# "Driver is not intended for this platform"



## Sarahx (Jun 23, 2008)

Hi guys, I hope you can help me with this since I have tried so many things people have suggested to me and ive even had a microsoft engineer control my PC to take a look at it but still nothing. I have no sound at all with anything only when I test my realtek sound driver in dxdiag.
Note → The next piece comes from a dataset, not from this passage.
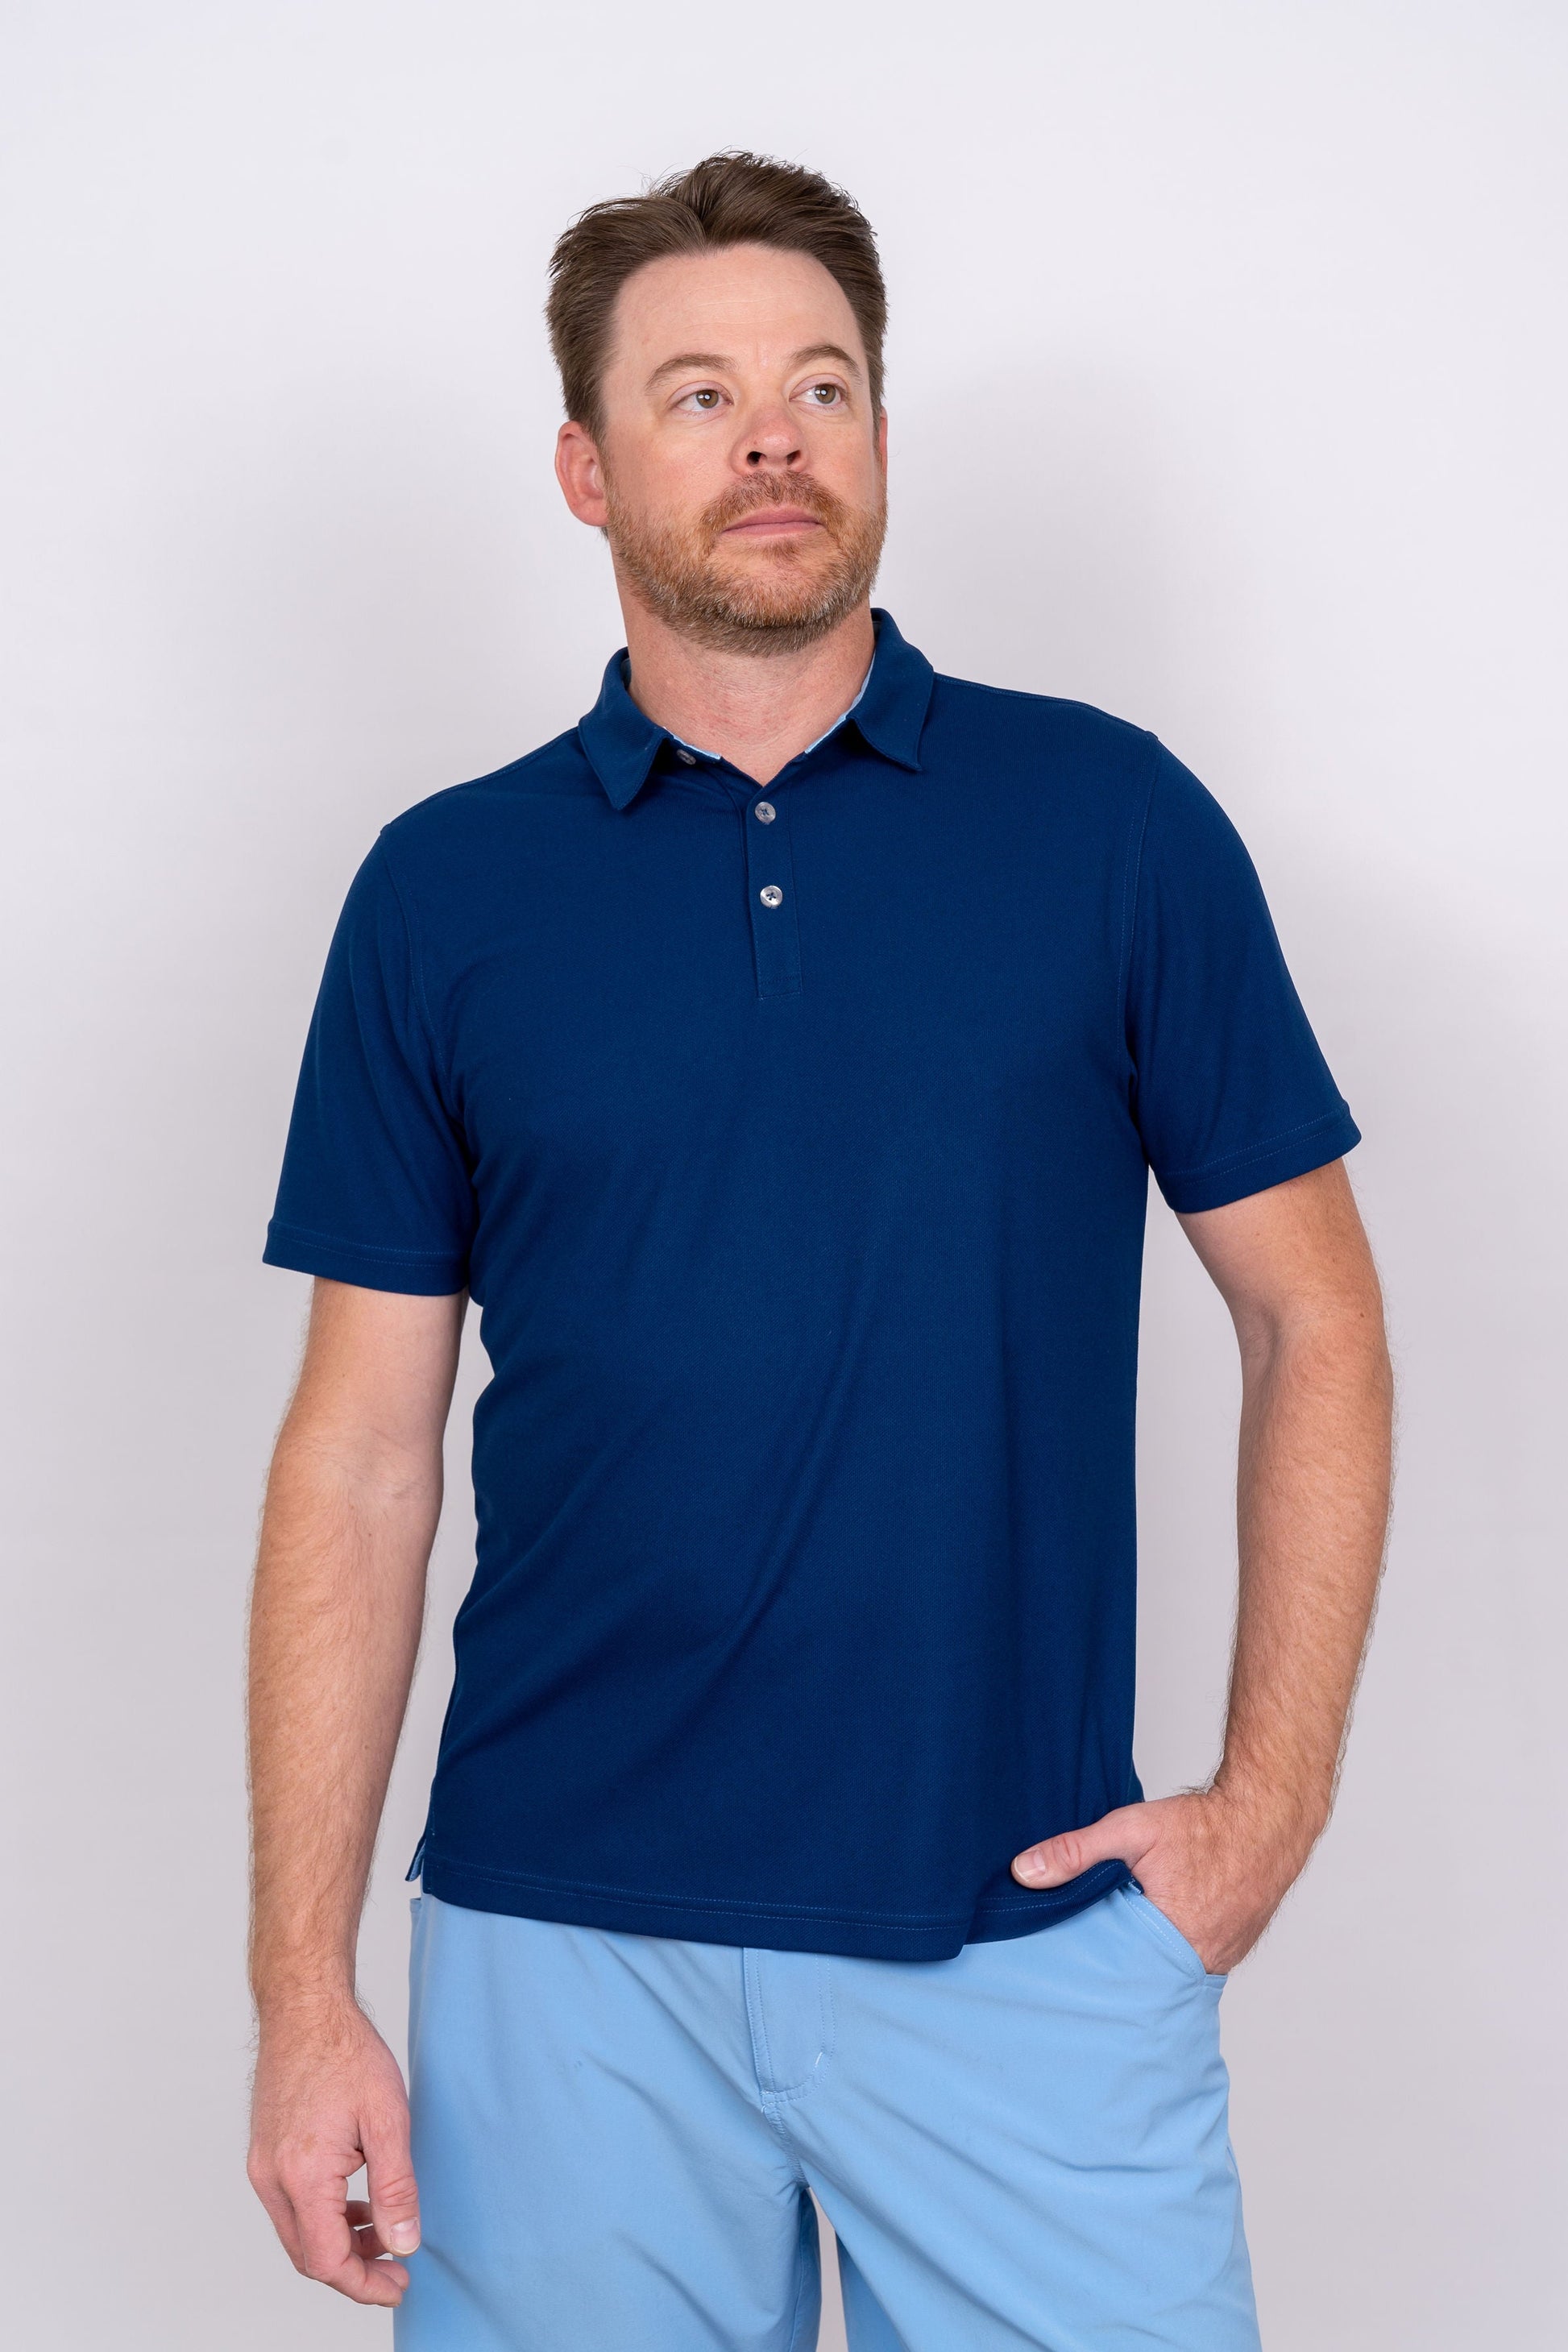 Weekend Polo - Navy/Carolina Blue Men's Golf Shirt Taylor Jordan Apparel Navy Small

Here's my problem. I turned on my PC one morning and I had no sound, to cut the story short the windows drivers "Microsoft Kernel Audio Splitter" and "Microsoft WINMM WDM Audio compatibility Driver" have an explanation mark on them in the device manager. They are located in system32/drivers and they are both .sys files. The trouble shooter first told me to uninstall them then reinstall so thats what I did but then it wouldn't let me install them and I got the error "Driver is not intended for this platform" for both of them. Now ive searched other places for answers and I tried to rename the "atapi.sys" to "atapi.sys.old" but still nothing from that. Ive tried to reroll the drivers but they can't reroll... ive tried everything me and other people I know could come up with and we can't find the solution to this problem so here I am and praying you guys can  also I don't currently have a windows reboot CD so I really hope thats not a problem!


----------



## dai (Jul 2, 2004)

are you using the drivers from the m/board setup disk to do the reinstall


----------



## Sarahx (Jun 23, 2008)

I don't think it came with a m/board setup disk but ive had this computer 7 years (yep im due for another) so I don't have any disks anymore =/


----------



## Sarahx (Jun 23, 2008)

If its more convienient to talk to someone about this problem on msn its Thanks.


----------



## dai (Jul 2, 2004)

it is prefered it is kept on the forum so anyone with the same problem down the track can see what has and has not worked
you can download it from the m/b makers d/l page for your m/b
what sound chip do you have


----------



## Sarahx (Jun 23, 2008)

I'm not sure, im really not the mastermind with these things lol is there a way I can find out?


----------



## dai (Jul 2, 2004)

if you post what m/b you have we may be able to find them
this will tell you what it is
http://pc-wizard-2008.en.softonic.com/


----------